This application claims the benefit of U.S. Provisional Application No. 63/580,964, entitled “User Interface for Improved Large Language Model Integration” and filed Sep. 6, 2023, which is incorporated by reference.
Large Language Models (LLMs), such as OpenAI's GPT4, allow users to receive intelligent responses to their prompts. By providing human-like responses to user prompts, companies can leverage LLMs to provide more effective content and services to their users. However, integrating LLMs into a broader system can be technically complicated because the systems must provide prompts to the LLMs and handle the responses. The LLM responses must then be used by the system to select content to present to users or to determine what next action should be taken by the system. Generating LLM prompts and processing LLM responses can be more work than an organization is able or willing to perform to integrate LLMs into their systems, which means that these organizations are not leveraging this new technology.
An online system improves the development and deployment of LLM-based applications by offering an application workflow user interface (“UI”) to developers of these applications. The application workflow UI is a user interface that includes different sections for the efficient design of a workflow and logic for an application operating on the online system. The application workflow UI allows the user to generate UI elements for stages within the overall application workflow and connect those stages through a simple to use interface.
The application workflow UI improves the development process of LLM-based applications, such as chatbot applications, by allowing the user to set parameters for stages that involve prompting an LLM through the same interface. Specifically, the application workflow UI includes a parameters section that allows the user to specify parameters for prompting the LLM. For example, the user can specify a prompt or prompt template to use for a stage, may specify which LLM to use for the prompt, or may specify a max size or temperature for the prompt.
The application workflow UI also includes a testing section whereby a user can have the online system translate the application workflow into computer-executable instructions and test the application. The user can provide inputs to the application through the testing section and the online system will display outputs based on the user's inputs in the testing section. The online system may continually identify which stage of the application workflow is being executed while the user is using the testing section and indicate to the user which stage is being currently executed by highlighting the corresponding UI element in the workflow section.
By concurrently presenting these sections in a single user interface, the online system provides a simplified mechanism by which developers can create a workflow for an LLM-based application and deploy the application.
FIG. (
FIG. (
A user can interact with other systems through a user device 100. The user device 100 can be a personal or mobile computing device, such as a smartphone, a tablet, a laptop computer, or desktop computer. In some embodiments, the user device 100 executes a client application that uses an application programming interface (API) to communicate with other systems through the network 120.

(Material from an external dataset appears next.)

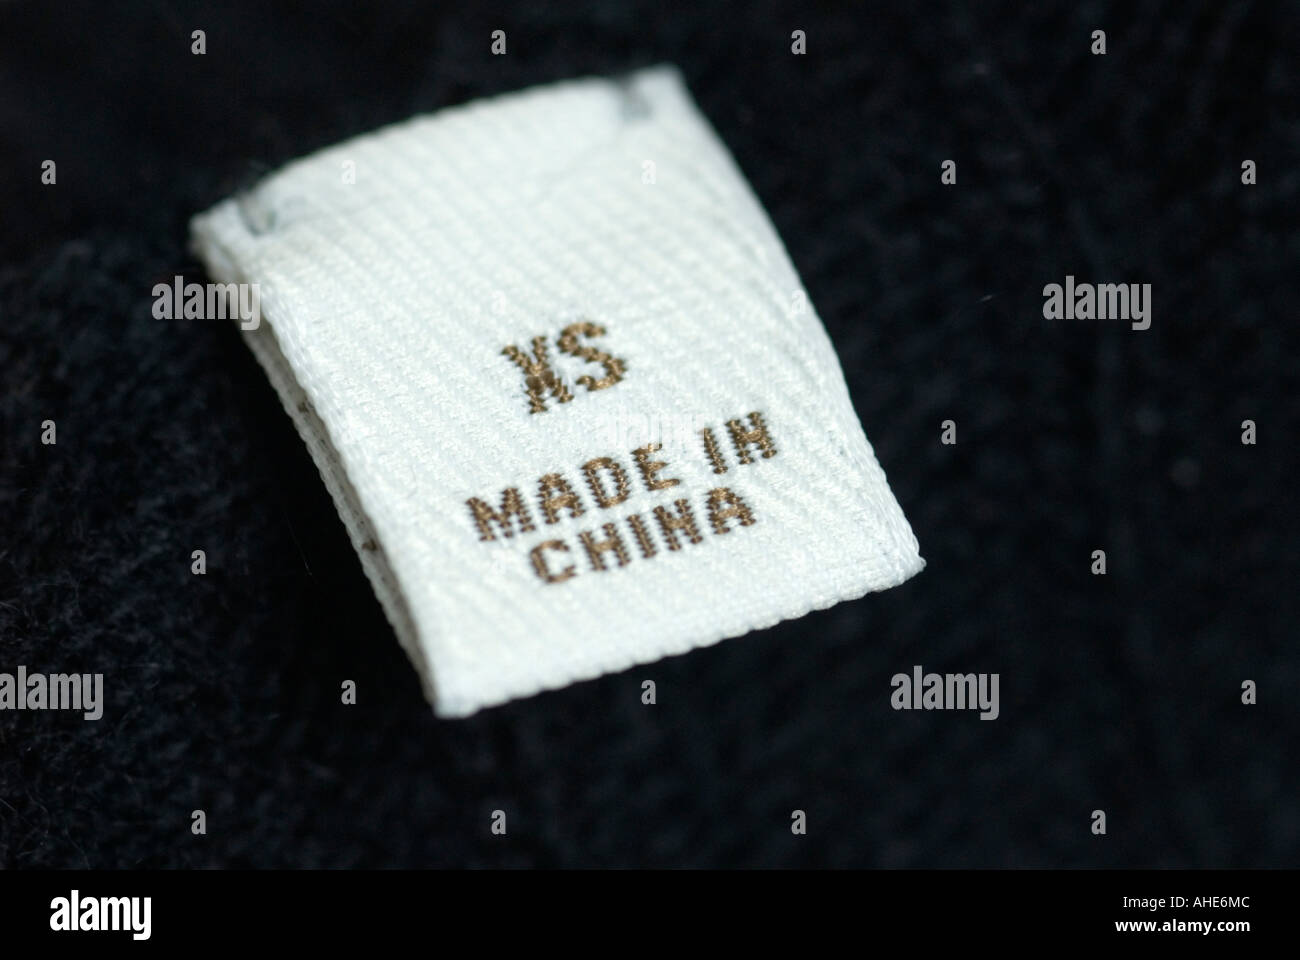 Detail of clothes label indicating that garment was Made in China Stock Photo
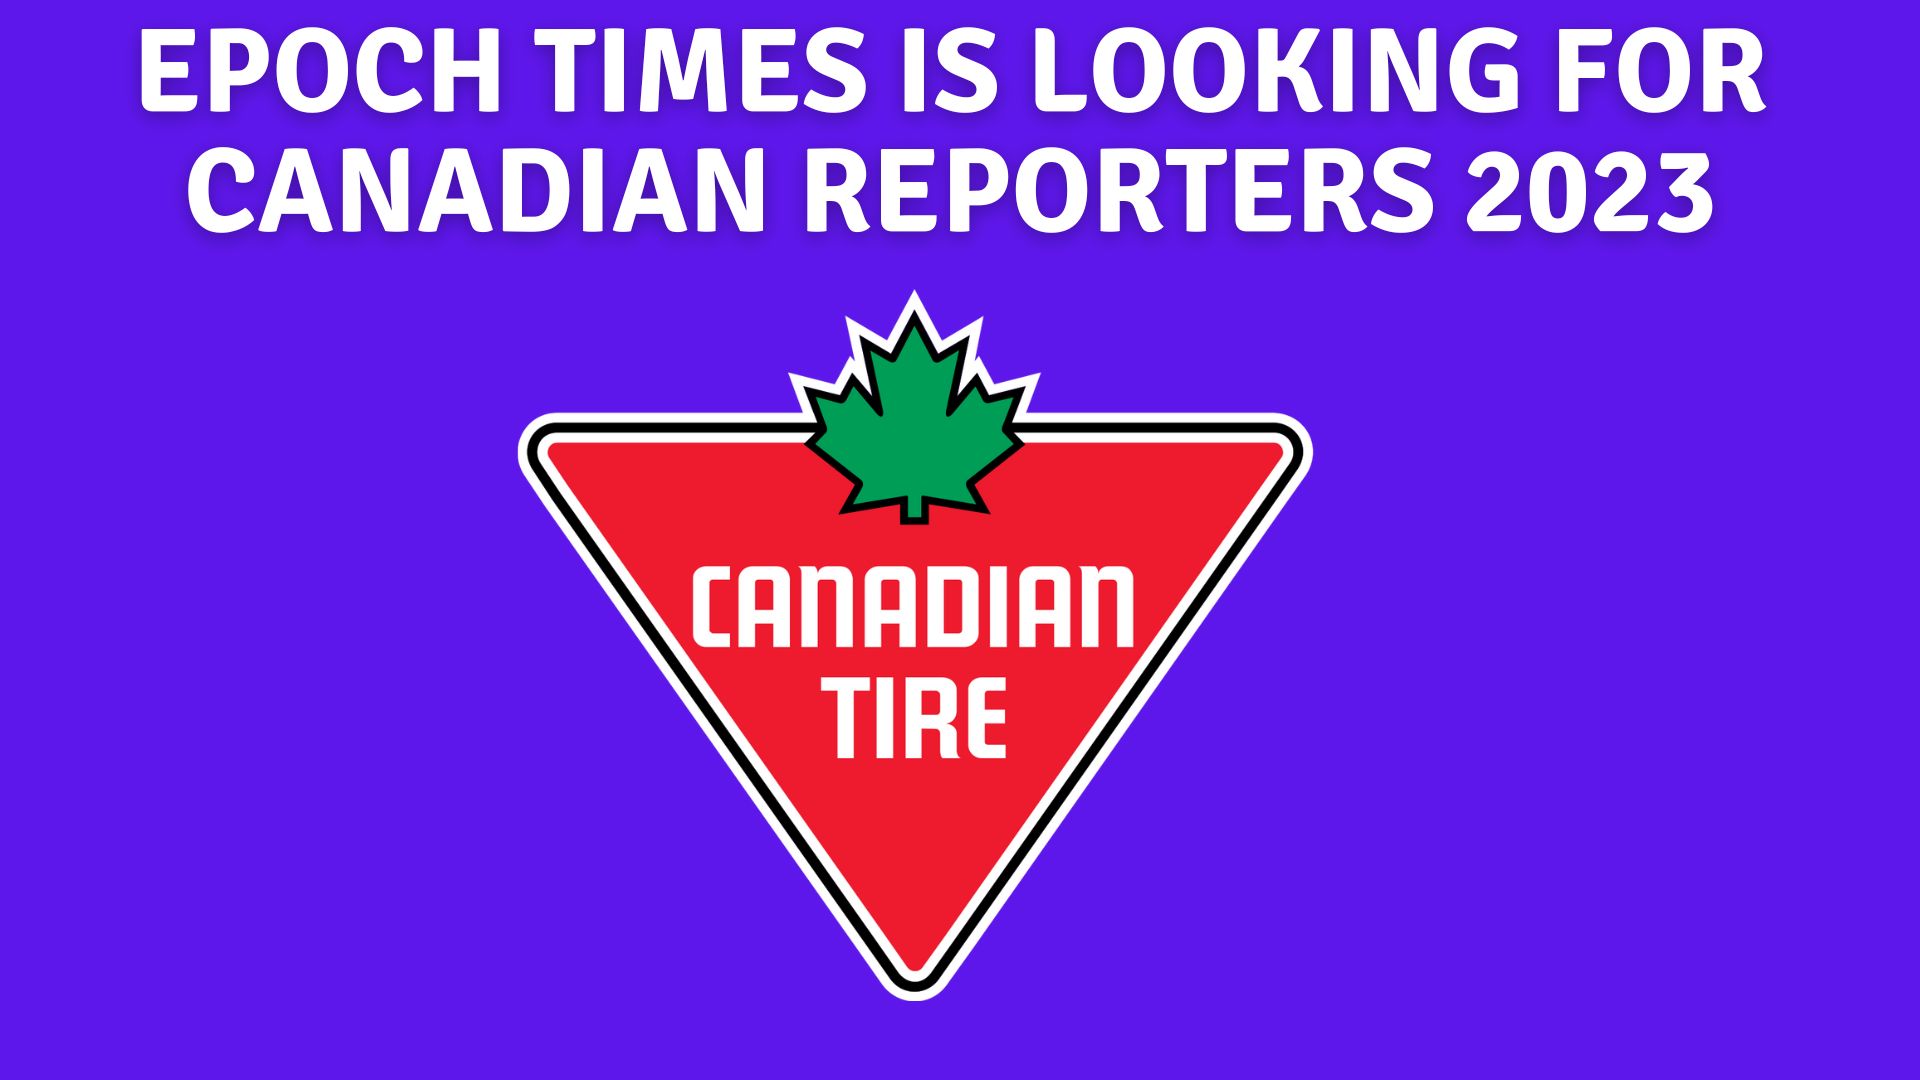 Epoch times is looking for canadian reporters 2023

The entity system 110 is a computing system operated by an entity. The entity may be a business, organization, or government, and the user may be an agent or employee of the entity.
The network 120 is a collection of computing devices that communicate via wired or wireless connections. The network 120 may include one or more local area networks (LANs) or one or more wide area networks (WANs). The network 120, as referred to herein, is an inclusive term that may refer to any or all of standard layers used to describe a physical or virtual network, such as the physical layer, the data link layer, the network layer, the transport layer, the session layer, the presentation layer, and the application layer. The network 120 may include physical media for communicating data from one computing device to another computing device, such as MPLS lines, fiber optic cables, cellular connections (e.g., 3G, 4G, or 5G spectra), or satellites. The network 120 also may use networking protocols, such as TCP/IP, HTTP, SSH, SMS, or FTP, to transmit data between computing devices. In some embodiments, the network 120 may include Bluetooth or near-field communication (NFC) technologies or protocols for local communications between computing devices. Similarly, the network 120 may use phone lines for communications. The network 120 may transmit encrypted or unencrypted data.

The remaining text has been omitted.